然后就要告辞回去。
哪知道夏爱青却说了话:“既然这位是神农派的侠义同道,小女子有一事相求。这次我受了门长密令,如果在此养伤怕是会耽误你门里的大事,还请将我带回阳淮县中。那里有织女门的人接应,还请念在同为侠义道中人,帮小女子这个忙。”
那神农派的好手刚一犹豫,那个货栈老板却说了话。
“也好也好,这位女侠在路上受到歹人所伤,如果咱们安排别人送女侠回阳淮县,在路上怕是并不安全,咱们人多,又有两位护卫,跟了同行那是万无一失。”
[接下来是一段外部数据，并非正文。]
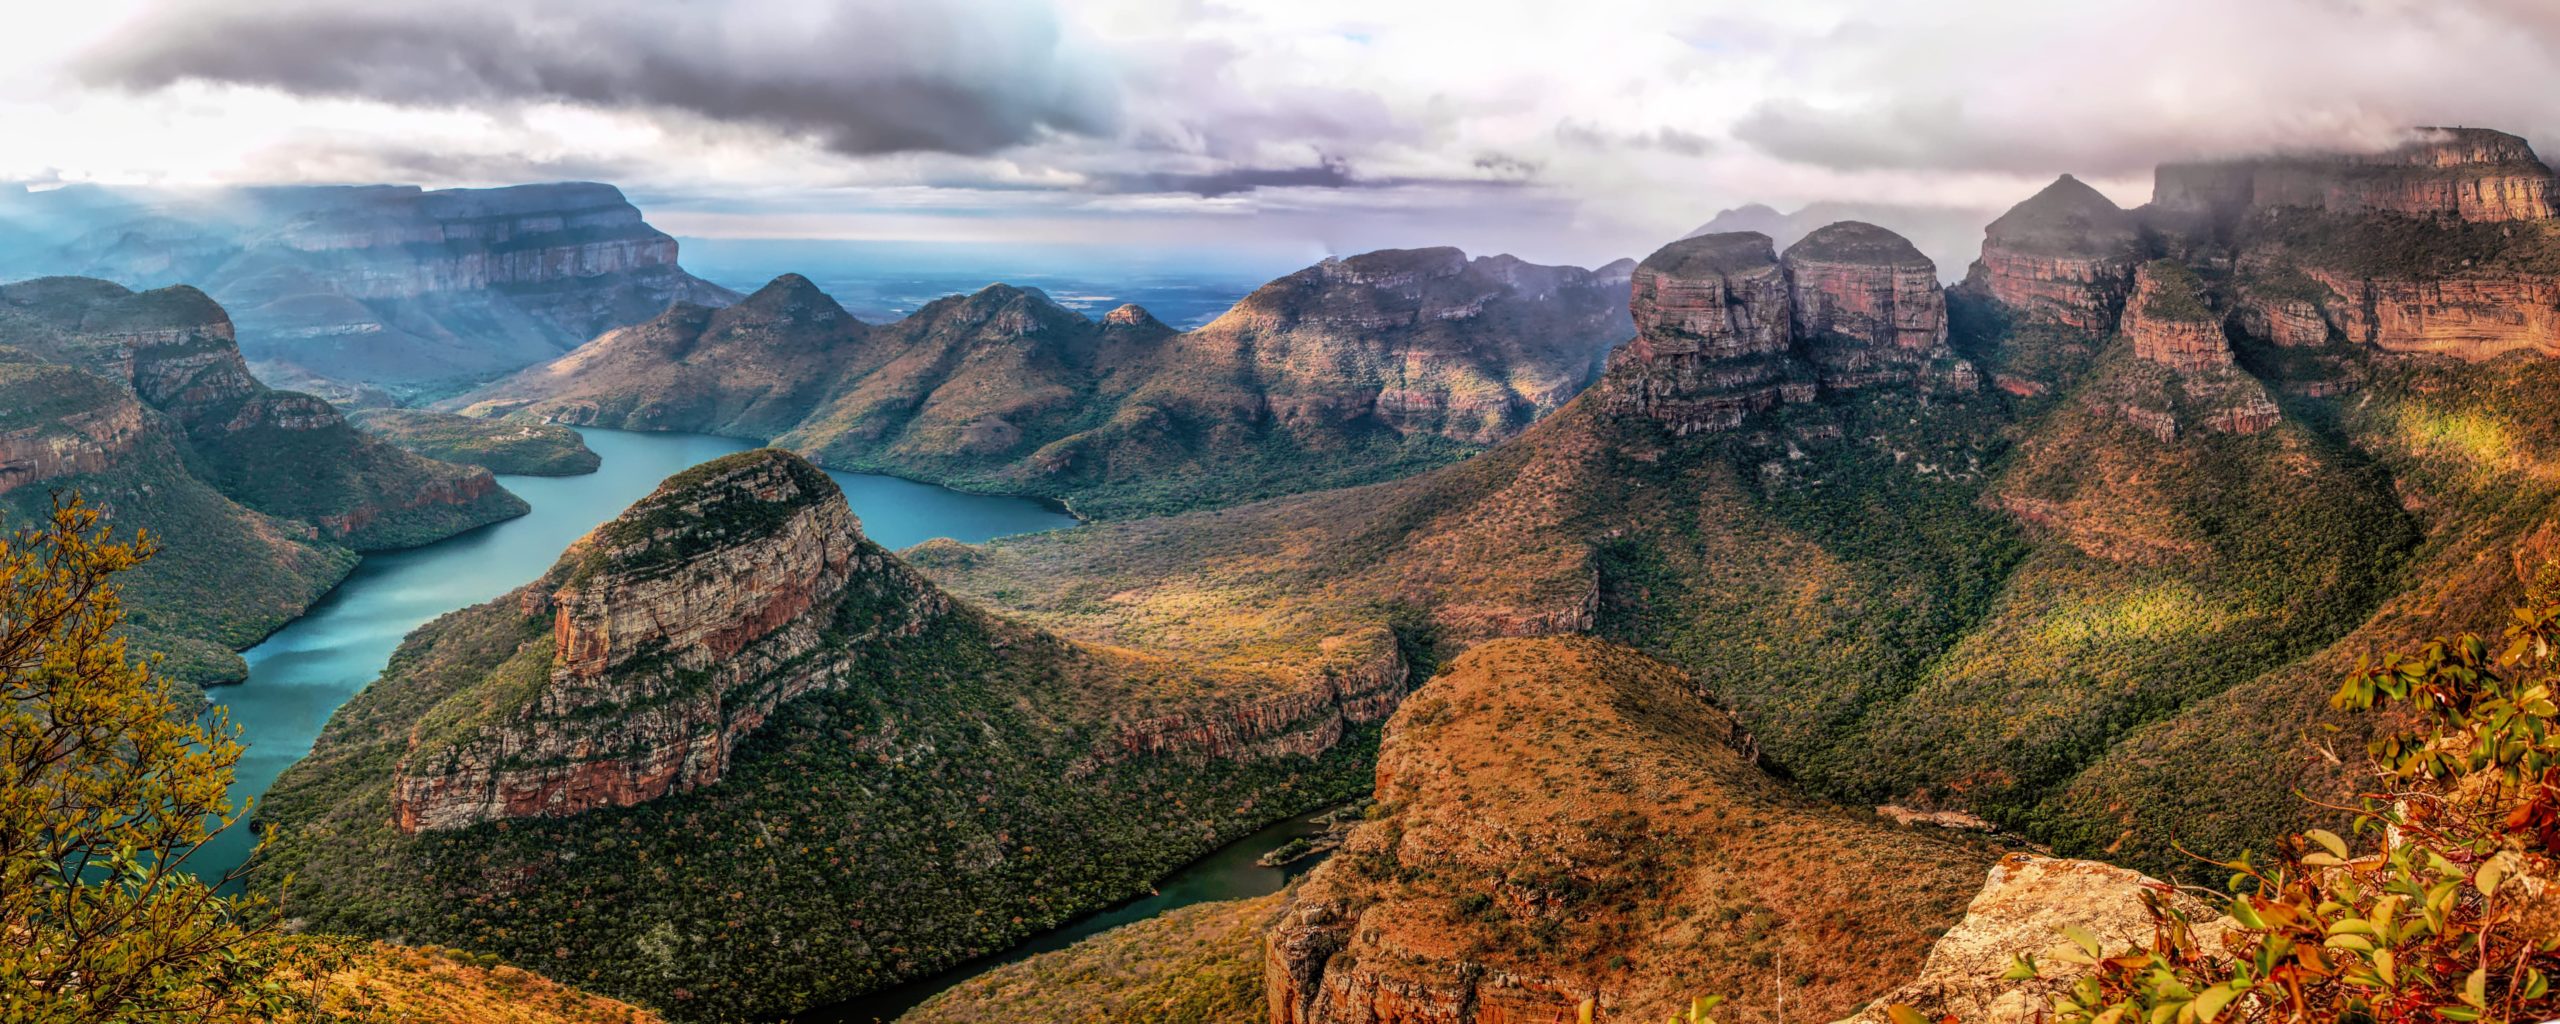 Mietwagen-Rundreise Südafrika: Highlights der Panorama-Route: Blyde River Canyon

这话说完,旁的人自然也不好再说什么,再说眼前的这个女娃子也确实没有丝毫的破绽,那闭塞的气脉也是重伤的表现。如果要是假冒这种程度的内伤怕是要冒生命危险,也都没有反驳阻止。
等众人都离开了房中,夏爱青不由得心中欢喜,自己的巧计果然奏效。自己可以舒舒服服的躺在那车中,一路和这货栈老板同行,不管什么事情变化都会第一时间得知。
而那车队虽然车辆众多,但是有车厢的马车却只有那货栈老板做的这一辆。此人一脸的正气,自然不好与自己一个伤重的女子同车而行。所以只能骑马而行,自己在车中算是在暗处,可以从缝隙处观察众人而不暴露行迹。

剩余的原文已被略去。